TASK DETAILS
Repeat nothing but the lines below running from the one containing "热烈祝贺夏博教育2022考研共242名学员被成功录取！" to the one containing "ЕС пока не планирует". Keep both end lines.

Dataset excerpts
——————————

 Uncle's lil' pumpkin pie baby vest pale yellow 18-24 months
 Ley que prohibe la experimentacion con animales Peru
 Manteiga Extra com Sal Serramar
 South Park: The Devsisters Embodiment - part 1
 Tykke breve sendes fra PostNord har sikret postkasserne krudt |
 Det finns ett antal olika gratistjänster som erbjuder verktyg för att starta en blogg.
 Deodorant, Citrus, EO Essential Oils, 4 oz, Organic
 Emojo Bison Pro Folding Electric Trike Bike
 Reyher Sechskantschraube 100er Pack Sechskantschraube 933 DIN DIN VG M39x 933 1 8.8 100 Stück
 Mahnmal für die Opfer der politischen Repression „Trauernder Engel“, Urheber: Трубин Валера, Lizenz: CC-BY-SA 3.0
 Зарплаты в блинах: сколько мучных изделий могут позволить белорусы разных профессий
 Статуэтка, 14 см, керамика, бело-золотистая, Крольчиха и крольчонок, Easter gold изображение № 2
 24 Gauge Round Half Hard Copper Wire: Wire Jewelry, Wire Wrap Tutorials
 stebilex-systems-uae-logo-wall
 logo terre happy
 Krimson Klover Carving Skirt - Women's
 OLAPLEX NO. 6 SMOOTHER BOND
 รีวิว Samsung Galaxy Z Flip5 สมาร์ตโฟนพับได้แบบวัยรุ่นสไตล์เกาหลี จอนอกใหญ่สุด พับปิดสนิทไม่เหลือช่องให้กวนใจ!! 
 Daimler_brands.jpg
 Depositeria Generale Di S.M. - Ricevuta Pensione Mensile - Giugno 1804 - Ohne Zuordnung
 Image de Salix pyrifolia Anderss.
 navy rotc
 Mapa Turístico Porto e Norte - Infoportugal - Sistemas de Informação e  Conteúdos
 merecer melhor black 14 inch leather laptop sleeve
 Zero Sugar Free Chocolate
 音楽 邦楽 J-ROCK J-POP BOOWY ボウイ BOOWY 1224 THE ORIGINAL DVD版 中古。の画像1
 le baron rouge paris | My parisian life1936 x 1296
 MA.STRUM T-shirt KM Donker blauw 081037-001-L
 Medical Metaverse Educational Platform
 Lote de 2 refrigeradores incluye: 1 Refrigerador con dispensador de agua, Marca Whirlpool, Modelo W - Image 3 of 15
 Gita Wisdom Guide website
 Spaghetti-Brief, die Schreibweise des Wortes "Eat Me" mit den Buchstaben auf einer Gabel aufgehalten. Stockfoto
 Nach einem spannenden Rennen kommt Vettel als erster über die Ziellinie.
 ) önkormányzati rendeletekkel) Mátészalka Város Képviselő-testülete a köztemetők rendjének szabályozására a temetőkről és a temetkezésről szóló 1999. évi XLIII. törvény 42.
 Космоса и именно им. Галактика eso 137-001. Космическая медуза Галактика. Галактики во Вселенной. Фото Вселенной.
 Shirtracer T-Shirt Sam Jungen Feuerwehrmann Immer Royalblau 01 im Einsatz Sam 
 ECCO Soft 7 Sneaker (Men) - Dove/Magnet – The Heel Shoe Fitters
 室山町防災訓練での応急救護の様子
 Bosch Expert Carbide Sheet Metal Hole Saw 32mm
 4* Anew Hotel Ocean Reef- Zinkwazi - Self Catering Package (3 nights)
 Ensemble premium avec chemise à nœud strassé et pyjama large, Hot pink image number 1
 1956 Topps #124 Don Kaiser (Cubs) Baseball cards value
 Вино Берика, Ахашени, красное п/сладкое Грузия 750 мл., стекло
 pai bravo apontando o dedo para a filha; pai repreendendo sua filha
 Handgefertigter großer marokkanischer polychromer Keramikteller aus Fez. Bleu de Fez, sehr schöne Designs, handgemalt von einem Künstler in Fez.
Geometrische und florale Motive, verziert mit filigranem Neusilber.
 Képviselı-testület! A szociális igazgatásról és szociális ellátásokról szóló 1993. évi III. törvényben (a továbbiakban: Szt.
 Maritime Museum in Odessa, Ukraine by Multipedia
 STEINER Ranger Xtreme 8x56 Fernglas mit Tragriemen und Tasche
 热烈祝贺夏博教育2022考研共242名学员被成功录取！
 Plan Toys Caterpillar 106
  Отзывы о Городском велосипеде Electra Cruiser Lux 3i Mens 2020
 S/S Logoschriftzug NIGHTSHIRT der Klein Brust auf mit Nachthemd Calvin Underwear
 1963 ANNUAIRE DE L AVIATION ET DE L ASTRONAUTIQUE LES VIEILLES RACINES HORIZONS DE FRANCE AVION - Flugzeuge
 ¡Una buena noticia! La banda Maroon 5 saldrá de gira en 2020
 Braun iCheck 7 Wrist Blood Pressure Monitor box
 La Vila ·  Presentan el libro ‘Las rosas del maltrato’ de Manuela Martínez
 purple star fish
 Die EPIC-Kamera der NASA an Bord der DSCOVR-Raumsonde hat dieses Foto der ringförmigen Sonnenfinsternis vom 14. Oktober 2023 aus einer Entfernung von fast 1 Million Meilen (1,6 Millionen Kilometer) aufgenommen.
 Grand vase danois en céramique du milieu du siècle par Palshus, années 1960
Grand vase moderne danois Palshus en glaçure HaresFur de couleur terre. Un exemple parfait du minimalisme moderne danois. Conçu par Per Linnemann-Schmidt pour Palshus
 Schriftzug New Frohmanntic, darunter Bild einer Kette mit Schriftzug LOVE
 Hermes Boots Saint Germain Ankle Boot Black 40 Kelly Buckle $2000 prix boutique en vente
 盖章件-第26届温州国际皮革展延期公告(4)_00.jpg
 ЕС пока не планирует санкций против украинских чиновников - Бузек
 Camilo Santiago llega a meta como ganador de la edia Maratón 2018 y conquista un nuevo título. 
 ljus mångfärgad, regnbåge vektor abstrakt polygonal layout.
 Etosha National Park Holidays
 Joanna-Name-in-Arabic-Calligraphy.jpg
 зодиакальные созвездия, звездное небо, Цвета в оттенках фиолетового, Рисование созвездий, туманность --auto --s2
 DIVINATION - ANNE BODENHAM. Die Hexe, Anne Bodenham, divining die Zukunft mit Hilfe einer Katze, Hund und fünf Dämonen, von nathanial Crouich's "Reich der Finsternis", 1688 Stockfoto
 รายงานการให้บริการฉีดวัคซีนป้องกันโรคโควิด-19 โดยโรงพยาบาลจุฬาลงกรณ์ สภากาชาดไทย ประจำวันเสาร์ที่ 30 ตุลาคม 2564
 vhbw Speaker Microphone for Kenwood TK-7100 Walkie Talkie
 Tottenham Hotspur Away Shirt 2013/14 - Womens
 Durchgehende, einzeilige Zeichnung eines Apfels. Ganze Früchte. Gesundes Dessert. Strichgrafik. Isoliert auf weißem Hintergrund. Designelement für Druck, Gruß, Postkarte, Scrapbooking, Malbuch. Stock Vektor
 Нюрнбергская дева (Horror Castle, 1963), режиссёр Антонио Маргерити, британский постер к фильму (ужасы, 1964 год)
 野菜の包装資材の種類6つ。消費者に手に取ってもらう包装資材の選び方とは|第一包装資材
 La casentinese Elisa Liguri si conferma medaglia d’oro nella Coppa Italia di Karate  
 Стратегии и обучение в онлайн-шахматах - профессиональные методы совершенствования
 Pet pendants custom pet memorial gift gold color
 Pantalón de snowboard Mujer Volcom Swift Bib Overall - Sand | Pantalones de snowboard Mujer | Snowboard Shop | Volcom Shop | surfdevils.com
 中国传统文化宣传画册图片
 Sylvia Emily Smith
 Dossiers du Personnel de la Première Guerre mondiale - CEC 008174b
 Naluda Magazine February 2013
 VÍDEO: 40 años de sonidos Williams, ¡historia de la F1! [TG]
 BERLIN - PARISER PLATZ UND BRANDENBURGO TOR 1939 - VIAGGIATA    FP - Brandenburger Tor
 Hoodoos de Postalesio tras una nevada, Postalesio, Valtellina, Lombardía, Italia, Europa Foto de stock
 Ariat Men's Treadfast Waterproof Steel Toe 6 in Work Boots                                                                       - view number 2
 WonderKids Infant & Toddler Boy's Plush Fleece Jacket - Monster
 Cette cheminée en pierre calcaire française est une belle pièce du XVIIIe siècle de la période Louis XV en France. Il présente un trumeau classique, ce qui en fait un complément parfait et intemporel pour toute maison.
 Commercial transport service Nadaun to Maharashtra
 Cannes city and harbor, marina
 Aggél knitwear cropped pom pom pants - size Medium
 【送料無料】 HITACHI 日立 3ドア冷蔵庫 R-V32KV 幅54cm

——————————

SOLUTION FOR THIS EXERCISE
 热烈祝贺夏博教育2022考研共242名学员被成功录取！
 Plan Toys Caterpillar 106
  Отзывы о Городском велосипеде Electra Cruiser Lux 3i Mens 2020
 S/S Logoschriftzug NIGHTSHIRT der Klein Brust auf mit Nachthemd Calvin Underwear
 1963 ANNUAIRE DE L AVIATION ET DE L ASTRONAUTIQUE LES VIEILLES RACINES HORIZONS DE FRANCE AVION - Flugzeuge
 ¡Una buena noticia! La banda Maroon 5 saldrá de gira en 2020
 Braun iCheck 7 Wrist Blood Pressure Monitor box
 La Vila ·  Presentan el libro ‘Las rosas del maltrato’ de Manuela Martínez
 purple star fish
 Die EPIC-Kamera der NASA an Bord der DSCOVR-Raumsonde hat dieses Foto der ringförmigen Sonnenfinsternis vom 14. Oktober 2023 aus einer Entfernung von fast 1 Million Meilen (1,6 Millionen Kilometer) aufgenommen.
 Grand vase danois en céramique du milieu du siècle par Palshus, années 1960
Grand vase moderne danois Palshus en glaçure HaresFur de couleur terre. Un exemple parfait du minimalisme moderne danois. Conçu par Per Linnemann-Schmidt pour Palshus
 Schriftzug New Frohmanntic, darunter Bild einer Kette mit Schriftzug LOVE
 Hermes Boots Saint Germain Ankle Boot Black 40 Kelly Buckle $2000 prix boutique en vente
 盖章件-第26届温州国际皮革展延期公告(4)_00.jpg
 ЕС пока не планирует санкций против украинских чиновников - Бузек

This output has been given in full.